The CPU 77 compares the γ curve achieved during previous calibration processing with a curve (hereinafter called a “current γ curve”) defined by interconnecting points of the current density measurement. More specifically, it is determined whether a difference between the previously-measured value and the currently-measured value is equal to or greater than a threshold value Z. A difference between a previously-measured value and a currently-measured value achieved at each of the points of measurement is mentioned as an example “difference between the previously-measured value and the currently-measured value.” The difference may also be the maximum value or an average value of a difference between previously-measured value and the currently-measured value, which is acquired at each of the points of measurement. Moreover, the difference may also be the amount of difference between an approximate line determined from a previous γ curve and an approximate line determined from a current γ curve. When a difference between the previously-measured value and the currently-measured value is equal to or less than the threshold value Z (No at S7), at operation S8 there is performed a correction for taking the current γ curve as a γ curve to be used for subsequent image formation processing.

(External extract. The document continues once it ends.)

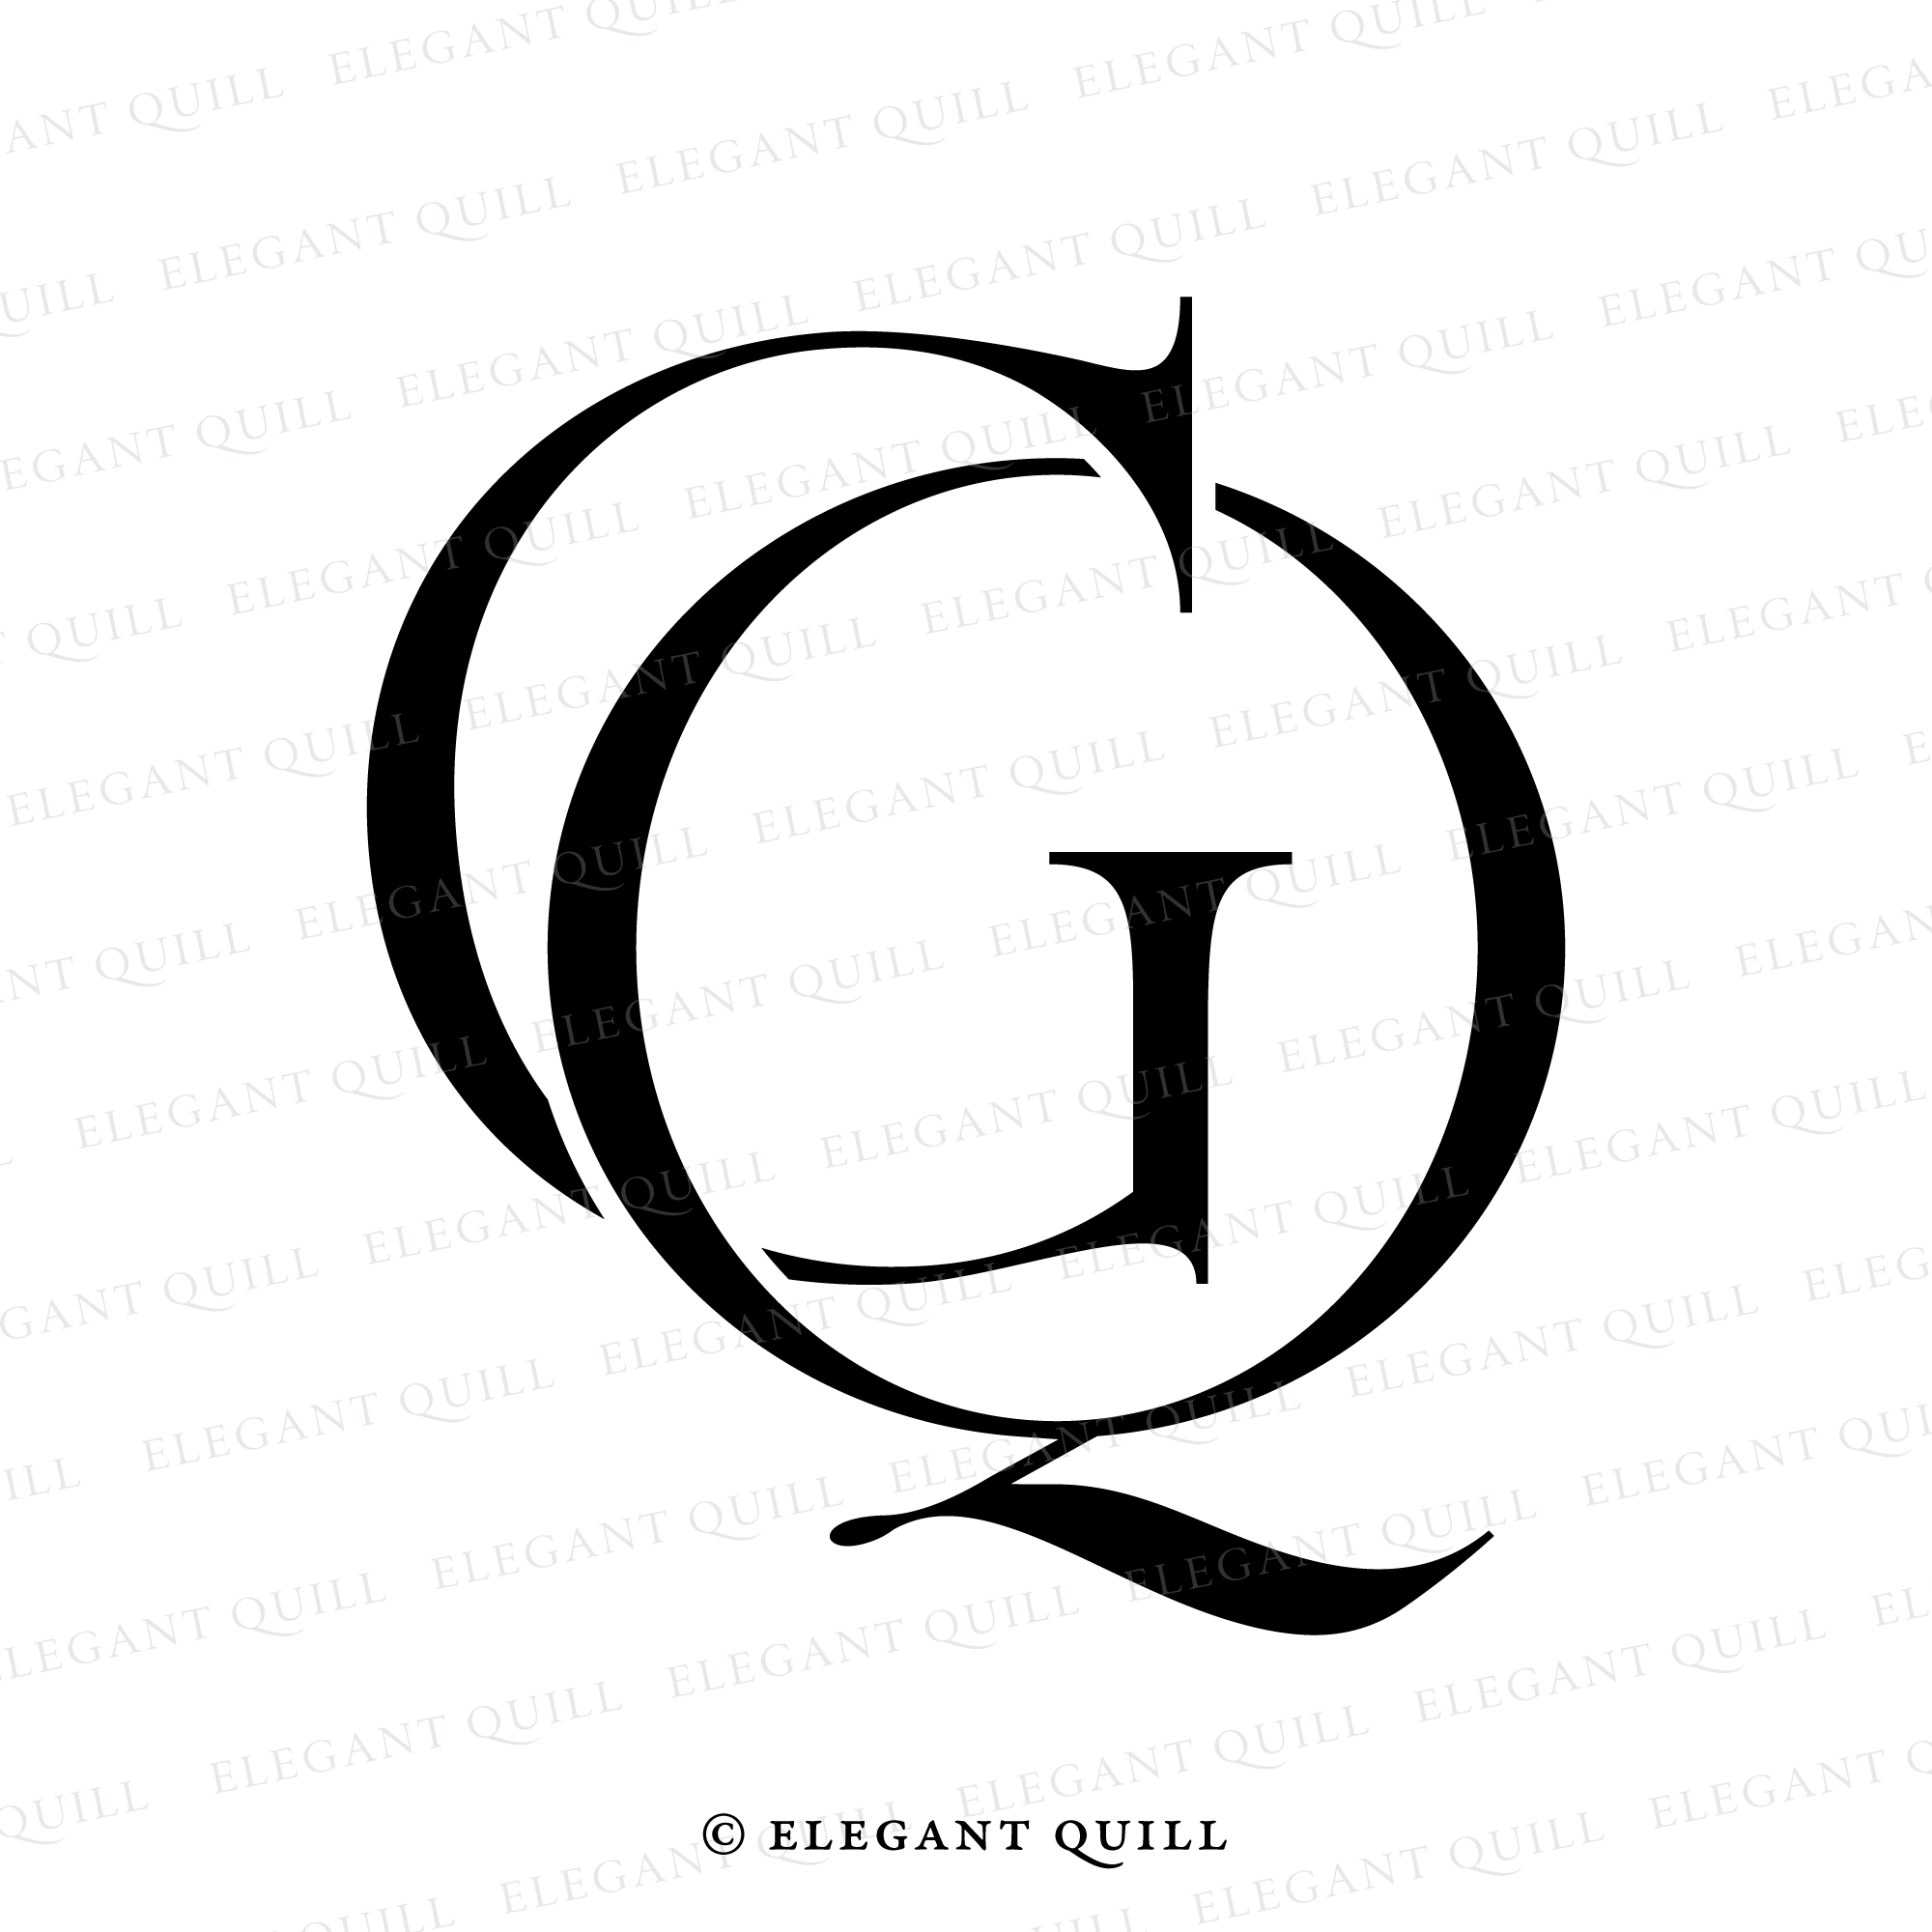 Professional GQ Letter Logo Design For Your Business - Brand Identity

Another correction method is a method for taking, for example, the previous γ curve, which has been corrected in accordance with the difference between the previously-measured value and a currently-measured value, as a γ curve to be used for subsequent image formation processing. The CPU 77 acts as a correction unit and a decision unit.

On the other hand, if the difference between the previously-measured value and the currently-measured value is greater than the threshold value Z (YES at S7), data pertaining to an additional patch A are generated at operation S9, and the thus-generated data are delivered to the image forming section 19. The additional patch A comprises density marks D differing from the density marks D included in the density patches P1 or P2 generated at operation S4 or operation S5, respectively. For instance, when data pertaining to the density patch P1 including density marks D1, D2, and D3 of three points, 20%, 60%, and 100%, respectively are generated at operation S4, data pertaining to a density patch A1 having density marks D4 and D5 of two points; for example, 40% and 80%, are generated at operation S9 as shown in FIG. 6. In the case of, for example, black, points of measurement (indicated by outlined circles in FIG. 10), where a difference between a previously-measured value and a currently-measured value is greater than the threshold value Z, are present, and hence two points of measurement 40% and 80% (indicated by solid circles in FIG. 10) are added to the density patch P3.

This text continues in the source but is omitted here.